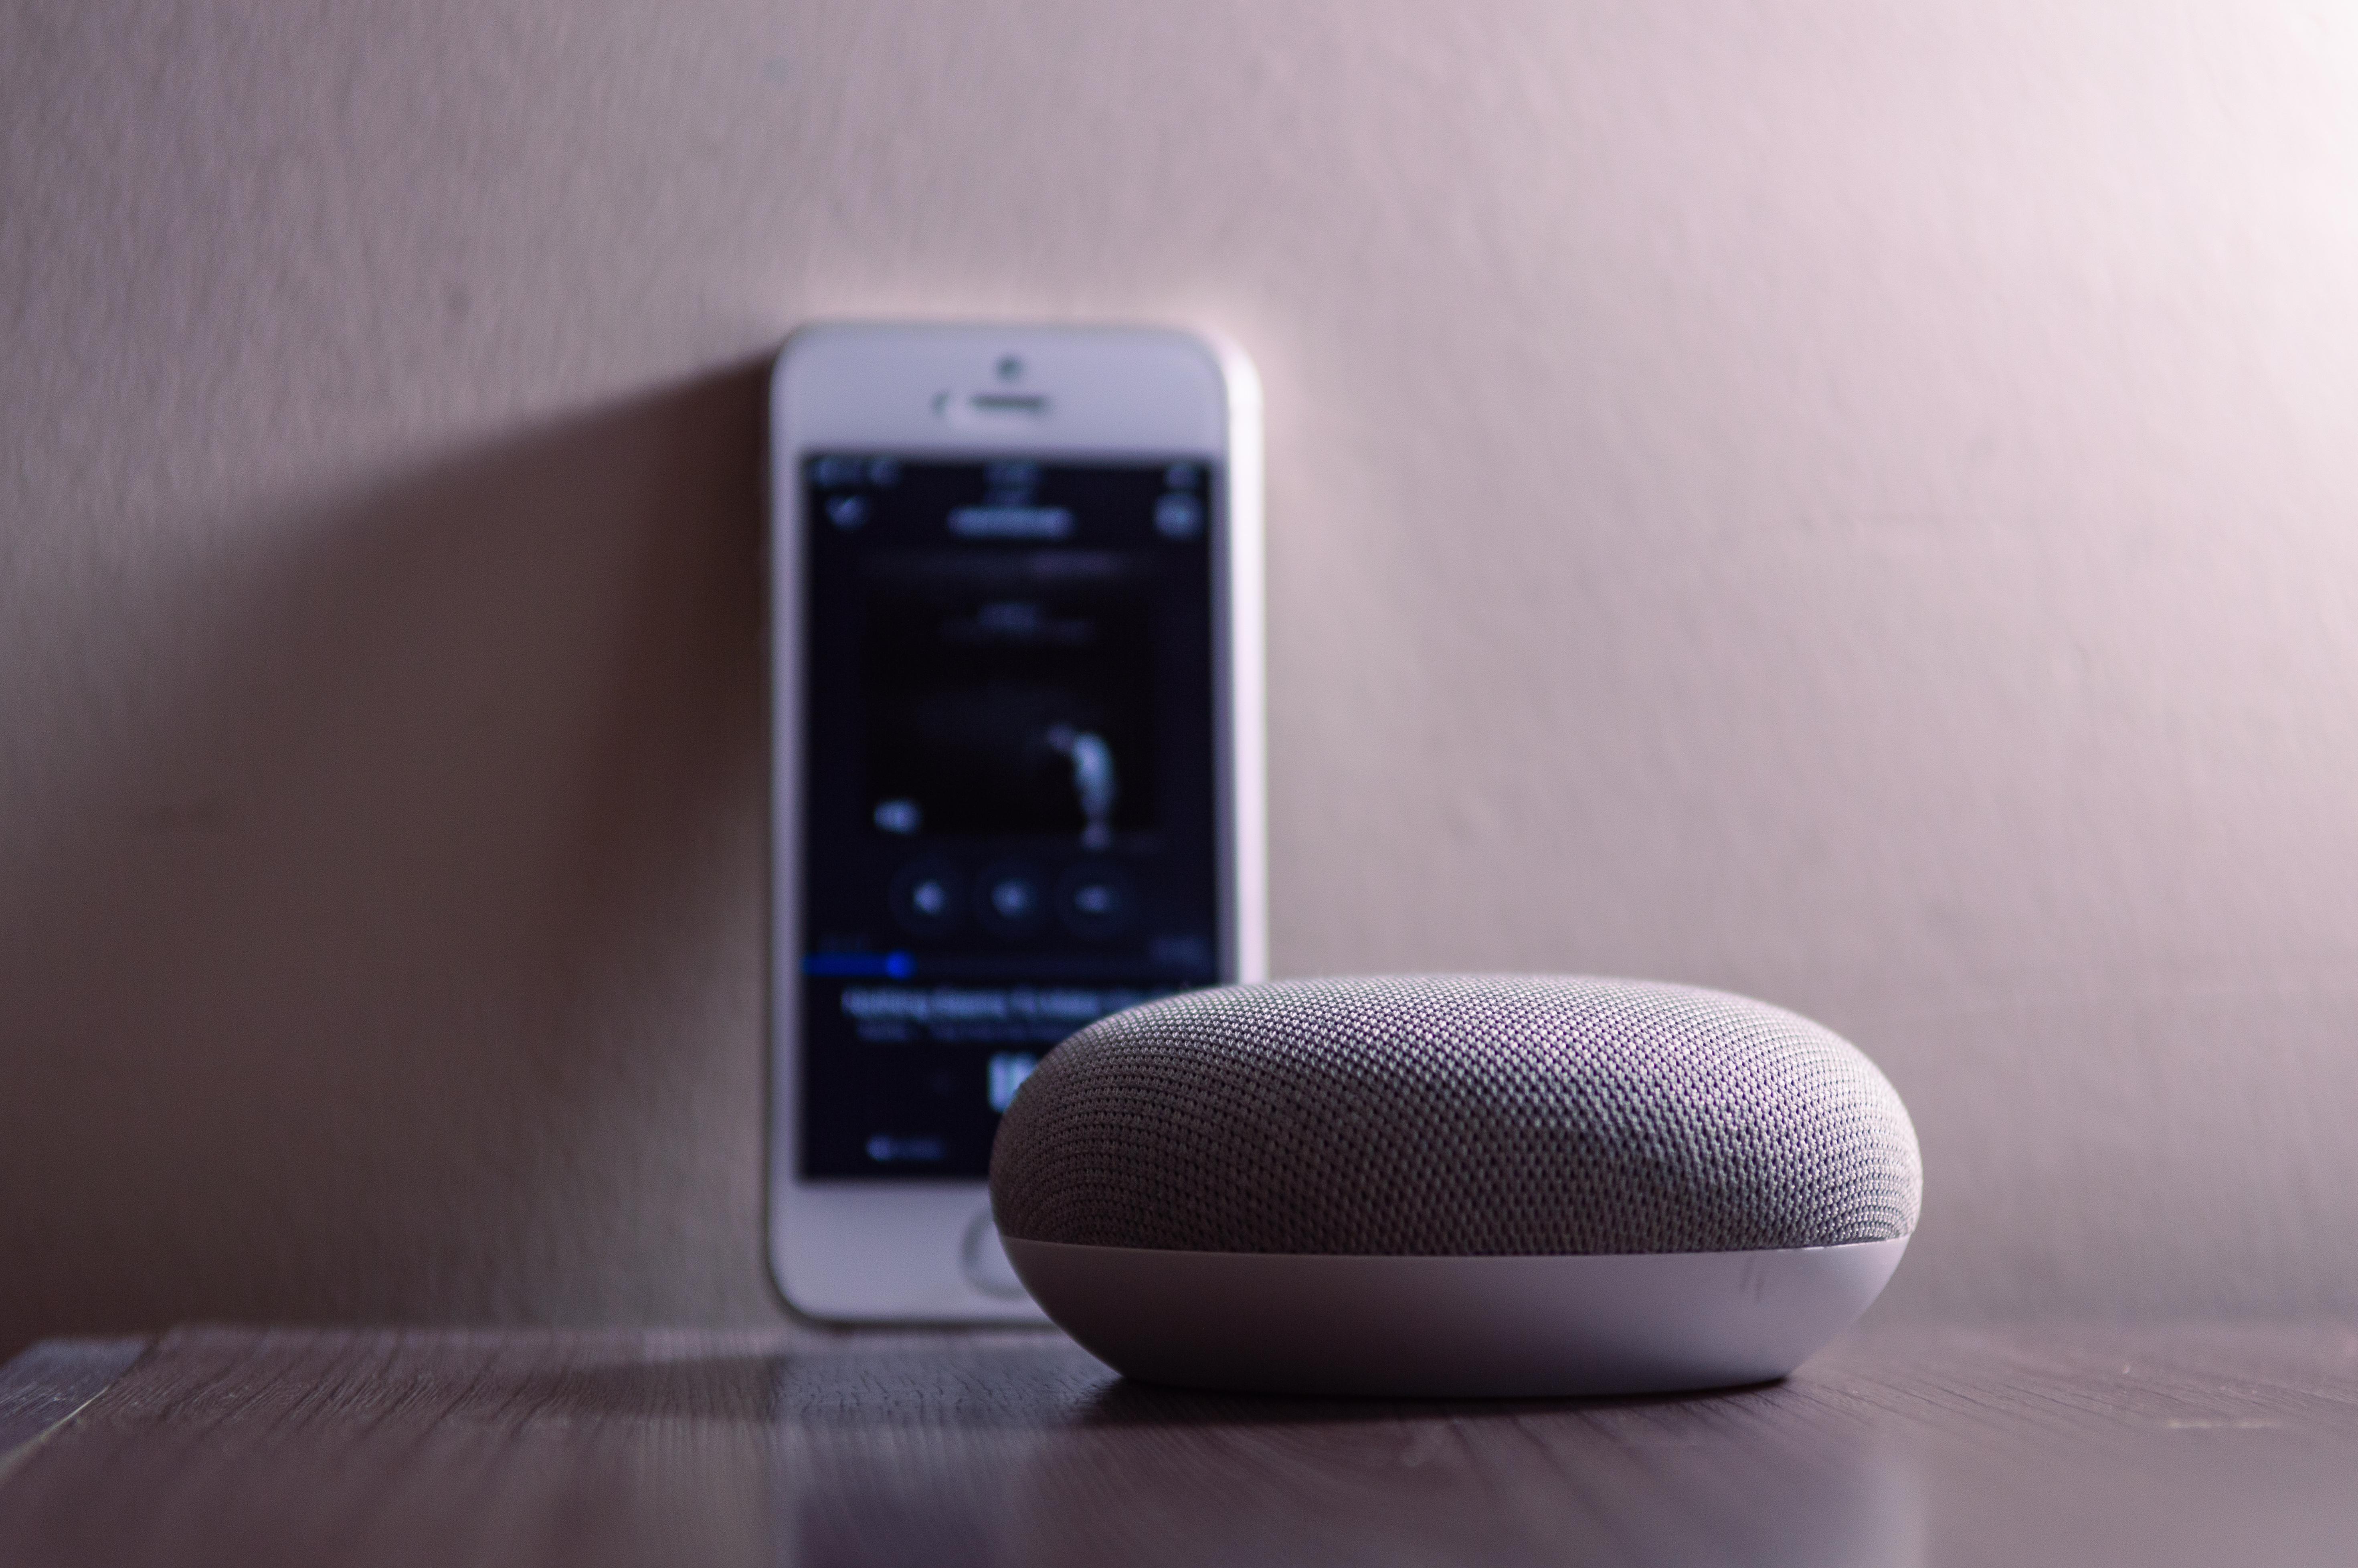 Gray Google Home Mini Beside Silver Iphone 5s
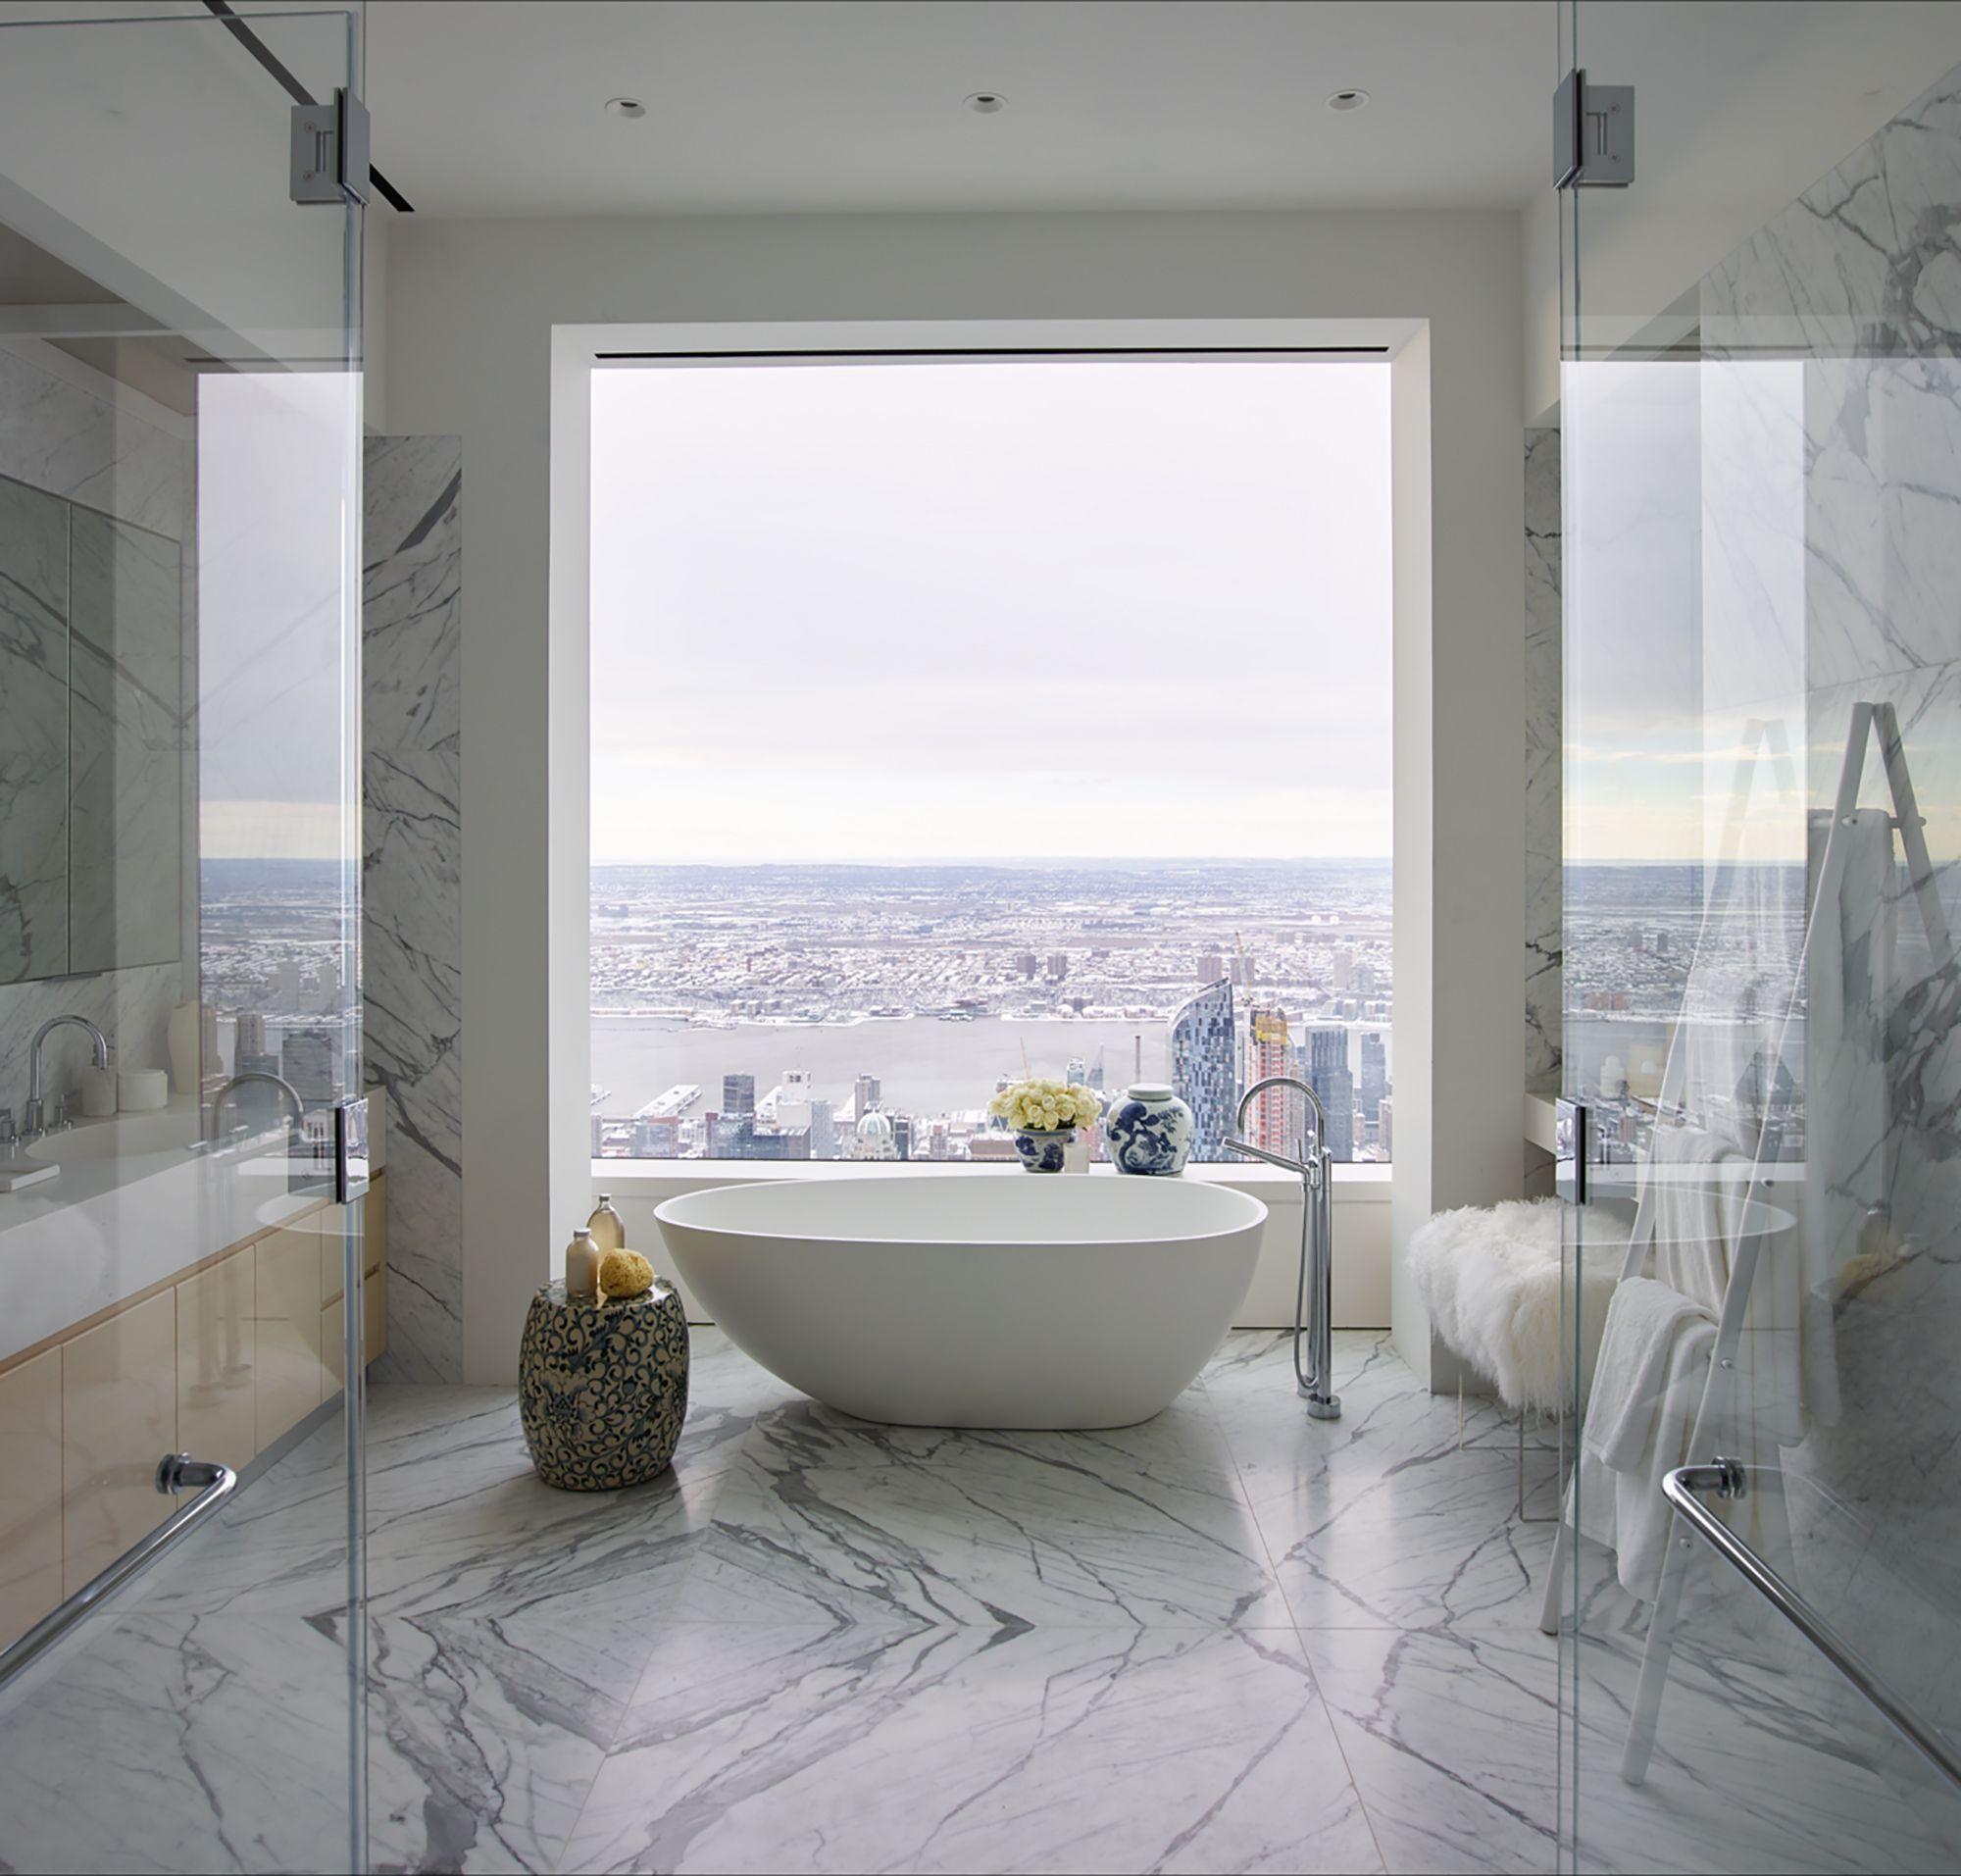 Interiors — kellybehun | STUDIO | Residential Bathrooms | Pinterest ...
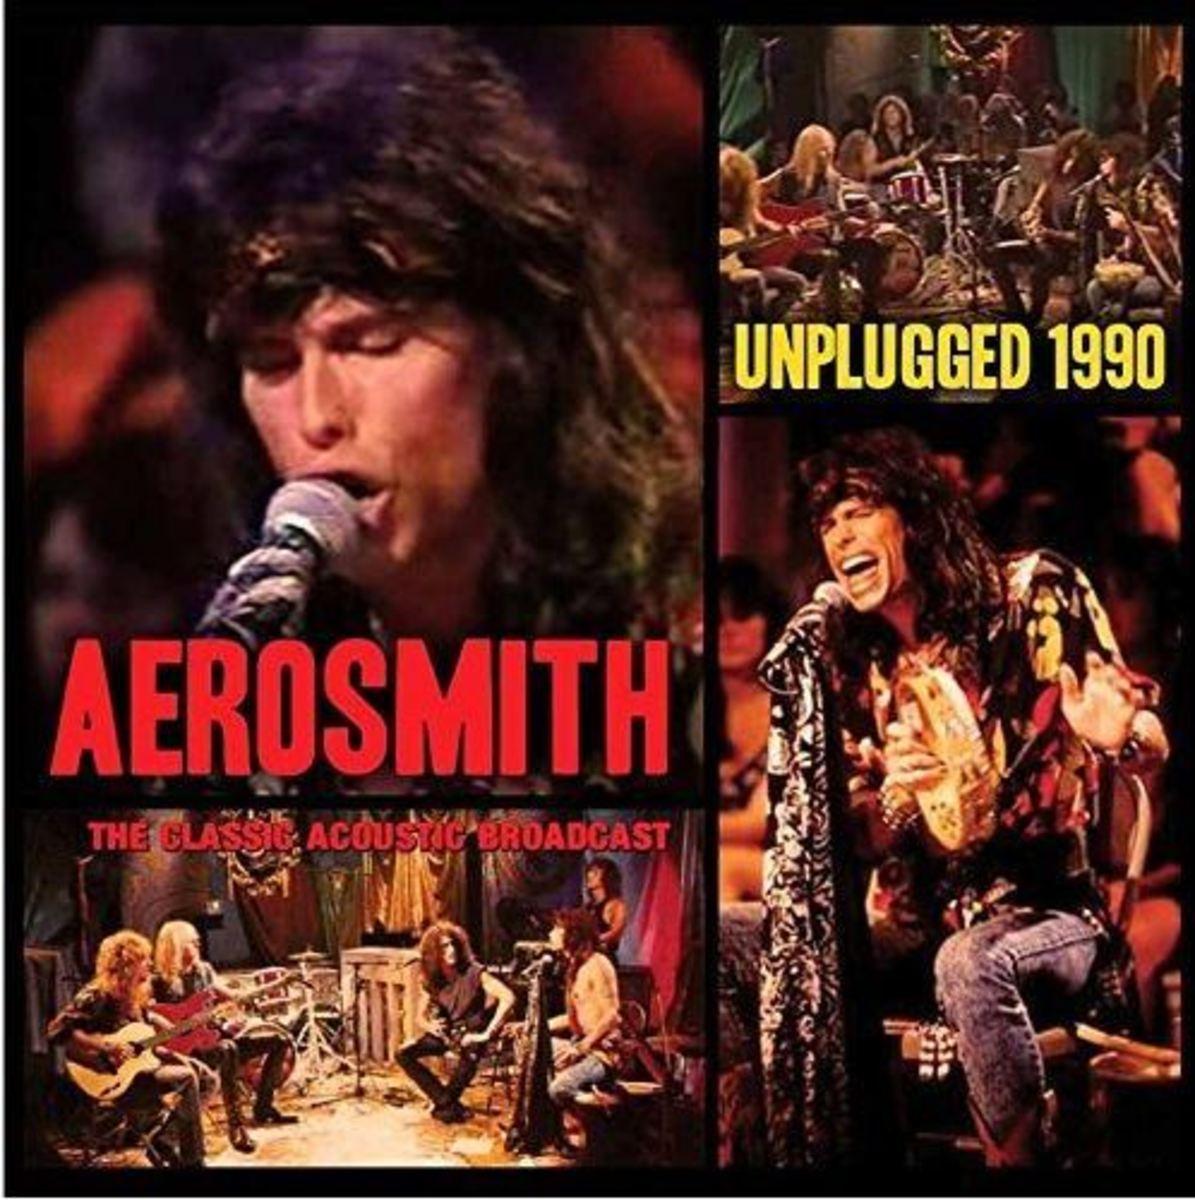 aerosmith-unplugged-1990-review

Exercise goal: In the copy, keep every line of the data above exactly and drop each picture.

Exercise output:
 Gray Google Home Mini Beside Silver Iphone 5s
 Interiors — kellybehun | STUDIO | Residential Bathrooms | Pinterest ...
 aerosmith-unplugged-1990-review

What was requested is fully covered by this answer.